Dağ nerede? – Yandı, bitti, kül oldu!”

 

Edebiyatımızın bu ironik tekerlemesini hepimiz biliriz. Anlamı nettir: Sorumluluk zincirinde herkes topu bir başkasına atar. Sonunda ortada ne çözüm kalır ne de sorumluluk.

 

İşte geçen hafta Çankaya Birlik Mahallesi’nde kurulan Perşembe pazarı deneyimim tam da bu zincirin somut bir örneği oldu.

 

Her Perşembe, Çankaya Birlik Mahallesi’nde kurulan semt pazarından evimin sebze-meyve ihtiyacını karşılarım. Son alışverişimde, içime bir kuşku düştü. Ürünlerin tartımından şüphe duydum. Pazarcıya “Bunları yeniden tartar mısınız?” demeye de çekindim. Yanlış anlaşılır, tatsızlık çıkar diye düşündüm.

 

Bunun yerine belediyeye ait bir denetim tartısı olup olmadığını araştırdım. Ancak koskoca pazarda böyle bir tartı göremedim. Çözümü, her zaman alışveriş yaptığım ama bu sefer ürün almadığım tanıdık bir pazarcıya gidip rica etmekte buldum.

 

Ama cevabı oldukça düşündürücüydü:

 

Abi, pazarcı pazarcının sattığını tartmaz. Tartarsa, kavga çıkar.”

 

Çözüm bulma umuduyla pazardaki zabıta noktasına gittim. İçeride sivil bir görevli ve üç zabıta vardı. Aramızda aynen şu konuşma geçti:

 

– Belediyenin denetim tartısı nerede?

– Tartının pili bitti, kaldırdık. Güneş çabuk bitiriyor pili.

– Yedek piliniz yok mu?

– Siz pazara kaçta geldiniz?

– İş çıkışı, akşama doğru. Ne fark eder?

– Geç gelmişsiniz, erken gelseydiniz tartı çalışıyordu.

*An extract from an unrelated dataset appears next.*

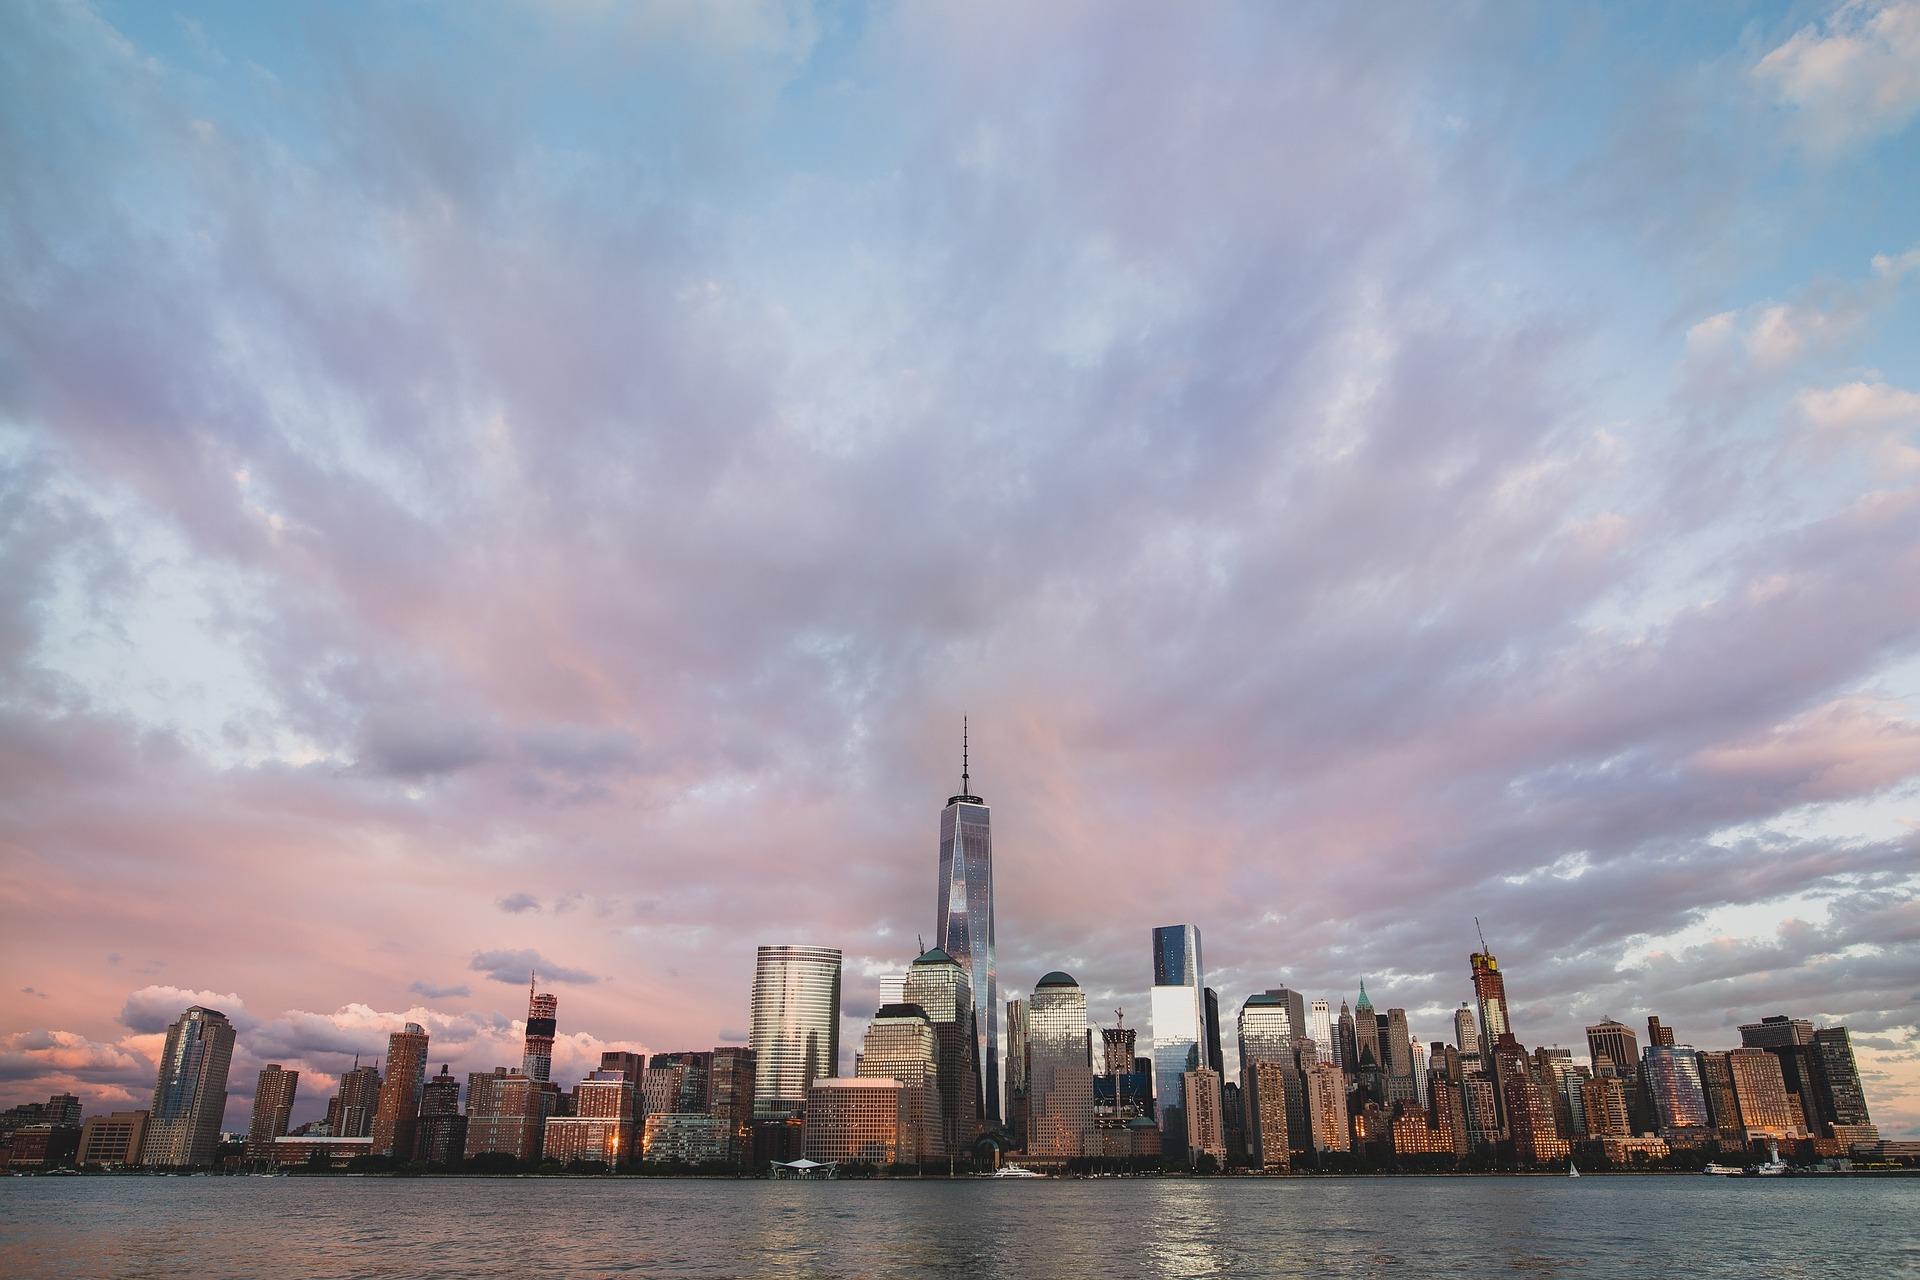 new-york-city-984316_1920.jpg

– Pili biten tartı şimdi nerede? Görmek istiyorum.

– Merkeze gönderdik.

 

Evet, yanlış duymadınız. Kamu hizmeti veren bir belediyenin tartısı "pili bittiği için" kaldırılmış. Dahası, çözüm üretmek yerine vatandaşın "daha erken gelmesi" tavsiye ediliyor.

 

Bu yaşadıklarım ne bir şaka ne de abartı. Diyalog birebir bu şekilde gerçekleşti.

 

Gazeteci kimliğimi söyleyince zabıta görevlilerinin tavrı değişti. Ama önemli olan o değil. Önemli olan oraya gelen diğer vatandaşlara nasıl davranıldığı. Onların da bir denetim hakkı yok mu?

 

Şimdi buradan, Çankaya’nın genç Belediye Başkanı’na seslenmek istiyorum: 24 Mart yerel seçimlerinde size oy verdim. Bu nedenle söz hakkım olduğunu düşünüyorum. Geçen hafta siz de Perşembe pazarı ziyaretindeydiniz. Esnafla konuştunuz, sosyal medyada şu mesajı paylaştınız:

 

“Söz verdiğimiz gibi, Çankaya’da komşularımızın arasında olmaya ve semt pazarlarımızı gezmeye devam ediyoruz. Pazarda yankılanan pahalılık, halkımızın ana gündemi.”

 

Elbette halkın gündemi pahalılık. Ama o yankılanan sesin içinde vatandaşın sahipsizliğini de duydunuz mu?

 

Belediyenin tartısının pili bitmişse, pazarcının kullandığı tartının doğru çalışıp çalışmadığını kim denetleyecek?

 

Bazı tezgâhlarda kullanılan tartıların ekranı görünmüyor, rakamlar seçilmiyor. Tartıların ne kadar doğru çalıştığını kim denetliyor?

 

Belediyeye ait denetim tartısı bile çalışmazken…

Artık maaşlar değil, nefesler yetersiz

Sayın Başkan, halk artık “maaşıyla” değil, “nefesiyle” pazarda tutunmaya çalışıyor.

Fiyatlara bakıp, elleri boş dönen nice insan var.

Pazar gezmekle, sorunları yalnızca dinlemekle bu iş çözülmüyor.

Gerçekten görmek, hissetmek ve çözüm üretmek gerekiyor.

 

Küçük bir tartı bile, iyi yönetilemeyince vatandaşın güvenini sarsıyor.

 

Çankaya halkı sizden genç, dinamik ve çözüm odaklı bir yönetim bekliyor.

 

Sözle değil, icraatla…

 

Sosyal medya mesajlarıyla değil, gerçek adımlarla…

 

Sayın Başkan, küçük bir tartının bile bir sorun haline gelmesi düşündürücü.

 

Sizden, sadece pazar gezileri değil, o pazarlarda yaşanan gerçek sorunlara da çözüm üretmenizi bekliyoruz.